Filmmakers’ disturbing new obsession with children and violence indicates a further erosion of the notion that some things are better left unseen.
As I awaited the birth of my first daughter last year, I had all kinds of images running through my head about what I was going to experience in the delivery room. I derived the most worrisome scenario from a scene in the 1974 horror hit It’s Alive, when an expectant dad bursts into the hospital room to discover a bloody mess of dead doctors and nurses, the first victims of the mutant critter who’s just emerged from its mother’s womb. “What’s my baby look like?!” screams Mommy, still trapped on the bed in stirrups. “What’s wrong with my baby?!”
I’m happy to report that my little girl’s arrival into the world bore no resemblance to the event as imagined here. Yet as lurid as that scene is, it dramatizes a disturbing question lurking in the minds of so many parents: What if my kid’s a monster? Or, as Tilda Swinton put it in a recent interview, “It’s everybody’s nightmare that, when they’re pregnant, they’re going to give birth to the devil.”
That anxiety is at the heart of both Lionel Shriver’s 2003 bestseller We Need to Talk About Kevin and Lynne Ramsay’s new film adaptation, in which Swinton plays the mother of a boy who grows up to be the perpetrator of a Columbine-like school massacre.
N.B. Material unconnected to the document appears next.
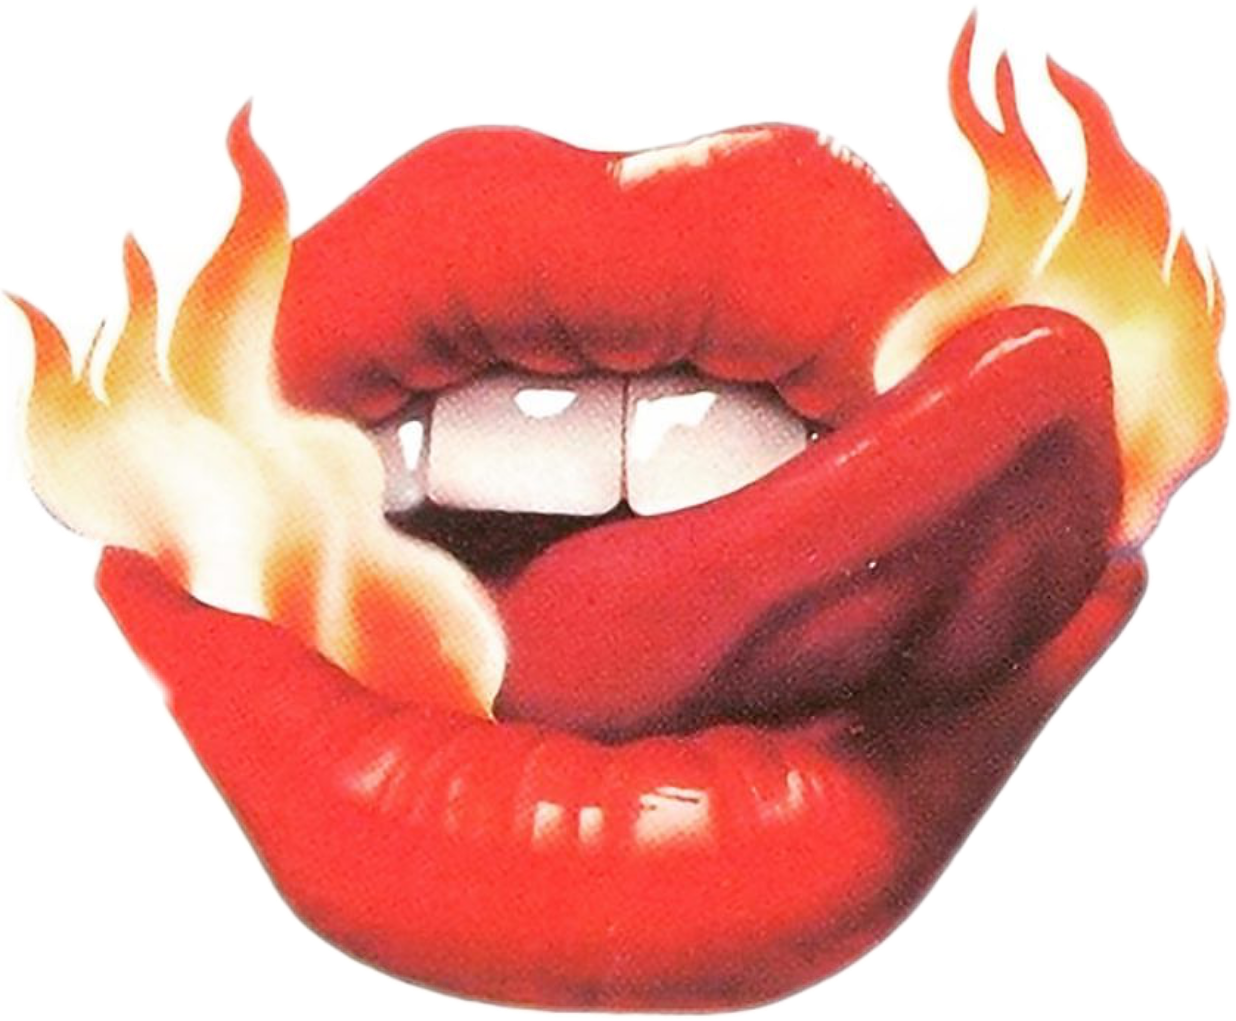 This visual is about lips flames red lickinglips licking freetoedit #lips #...
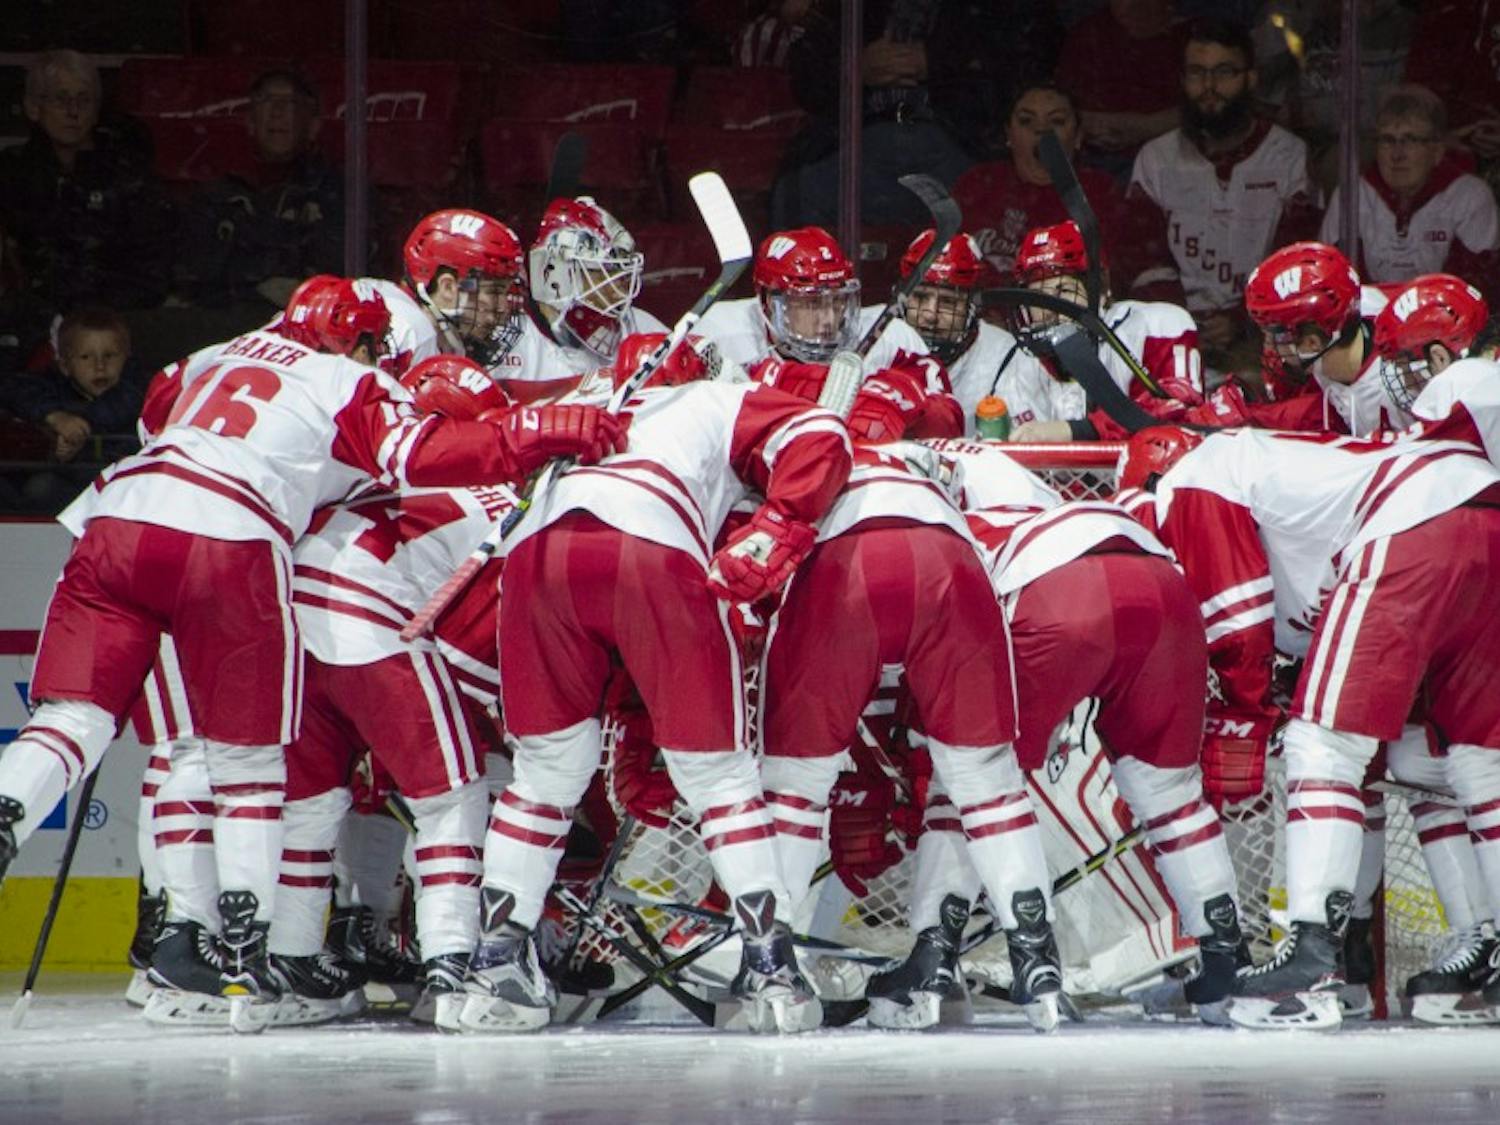 Since arriving at Wisconsin, Granato has been implementing confidence within his players and the program. Despite its underwhelming record this season, Wisconsin looks to continue progressing through that confidence.

As noted in an essay by Jessica Roake for slate.com, Ramsay’s film is the latest addition to a canon of “bad-seed cinema,” a subgenre named after William March’s 1954 novel (and subsequent hit movie) about a mother who realizes her adolescent daughter could be a killer. Roake’s piece illustrates how movies like Village of the Damned, Rosemary’s Baby and The Omen prey on those parental anxieties, essentially enacting and re-enacting the nightmare Swinton describes.
Yet there’s another element that may be more disturbing. This is the way in which movies that present children as monsters stoke viewers’ appetite for their destruction, thereby legitimizing the use of violence against kids, something usually considered taboo on screen. While bad-seed cinema has long traded in such images, they’re becoming more common and a whole lot more graphic.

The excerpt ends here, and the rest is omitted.